The primary outcomes of this study were the first-pass success rate. We also analyzed participants’ characteristics, glottic views during intubation (using the Cormack-Lehane classification and the percentage of glottic opening score), overall success rate, and intubation times. The intubation times were divided into 1) the duration from start to glottis visualization, and 2) the duration from glottis visualization to intubation completion.
To evaluate the time to successful intubation, we plotted Kaplan-Meier survival curves to identify trends. To account for correlated data arising from multiple intubation attempts by the same participants, we applied Cox proportional hazards regression models with stratification. These models estimated hazard ratios (HR) for successful intubation, adjusting for potential confounders such as participants’ years of experience, professional roles, intubation devices used, and approach positions.

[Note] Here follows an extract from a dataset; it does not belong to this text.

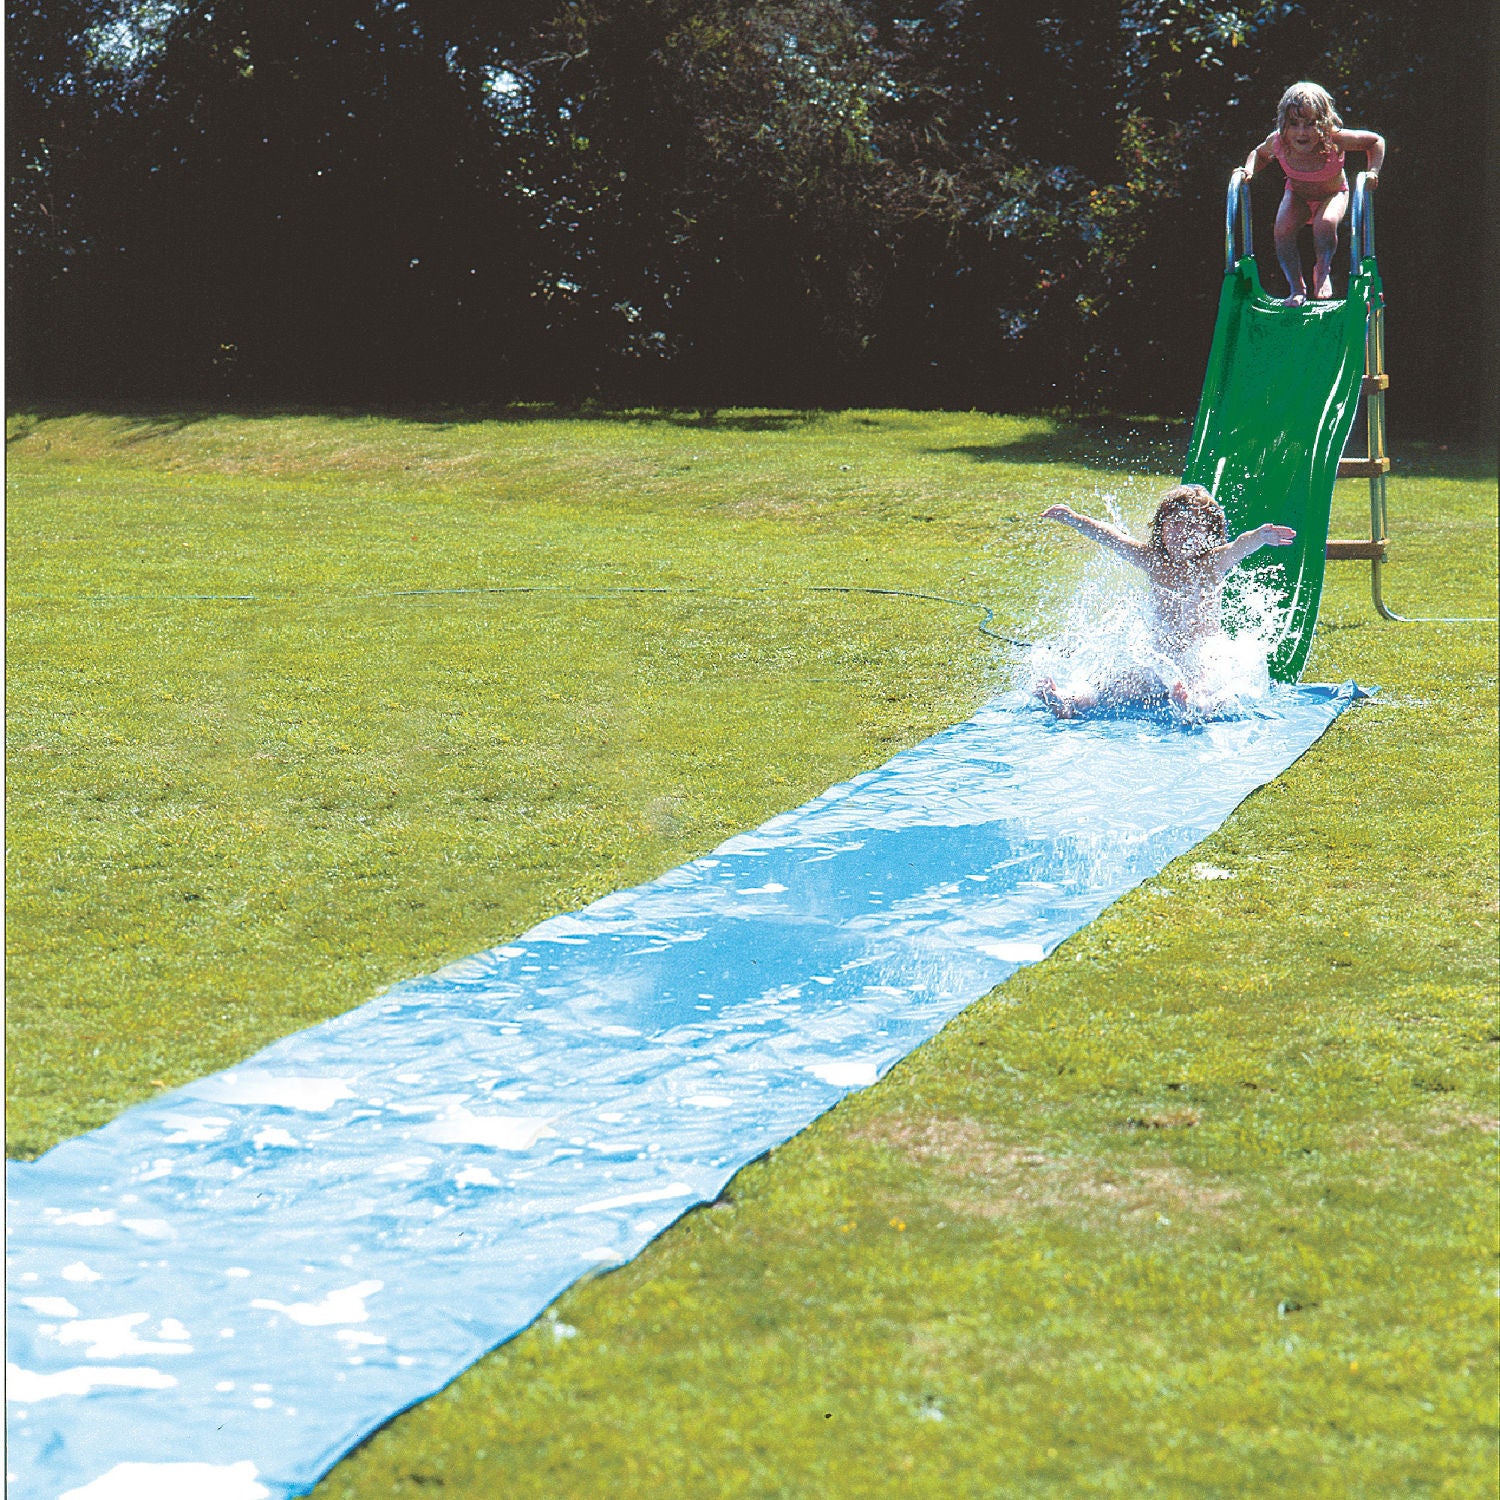 Water Slide 8m length - Just add water

We conducted data analyses using SAS v9.4 (SAS Institute Inc., Cary, NC) and STATA v17 (StataCorp, College Station, TX).
RESULTS
The 30 participants included 19 attending physicians, six residents, and five NPs (Table 1). The first-pass success rate for all intubation attempts was 85%. The first-pass success rate for the right-rear approach was 93%, compared to a lower rate of 78% for the face-to-face approach, with all intubations successful within 90 seconds (Table 2). The median times to achieve successful intubation were 10 seconds for the right-rear approach and 13 seconds for the face-to-face approach. Within the right-rear approach, the first-pass success rate was 93% using the standard Macintosh device, 100% with the channeled videolaryngoscope, 77% with the hyperangulated videolaryngoscope, and 100% with the video stylet. Conversely, under the face-to-face approach, the first-pass success rate was 67% with the standard Macintosh videolaryngoscope, 100% with the channeled video laryngoscope, 47% with the hyperangulated videolaryngoscope, and 100% with the video stylet (Table 2). The median intubation times varied with the device and approach. For the right-rear approach, the standard Macintosh device was 10.5 seconds; the channeled videolaryngoscope 9 seconds; the hyperangulated videolaryngoscope 10.5 seconds, and the video stylet 7 seconds; for the face-to-face approach, the standard Macintosh device took 16 seconds, the channeled videolaryngoscope 11 seconds, the hyperangulated videolaryngoscope 26.5 seconds, and the video stylet 11 seconds
Figure 2 presents a Kaplan-Meier plot comparing the first-pass success rates over time for two intubation approaches: right-rear and face-to-face. The right-rear approach demonstrates an earlier visualization of the glottis compared to the face-to-face approach. Once the glottis was visualized, most intubations in the right-rear group were successfully completed within 20 seconds. The median time to glottic visualization was three seconds for the right-rear approach and five seconds for the face-to-face approach (Table 2). In contrast, the face-to-face approach not only required more time to complete intubation but also demonstrated a lower overall first-pass success rate. Figure 3 further compares the time from glottic visualization to successful intubation across four different intubation devices. Notably, the face-to-face approach is associated with significantly longer times when using the standard Macintosh device and the hyperangulated videolaryngoscope devices compared to the right-rear approach.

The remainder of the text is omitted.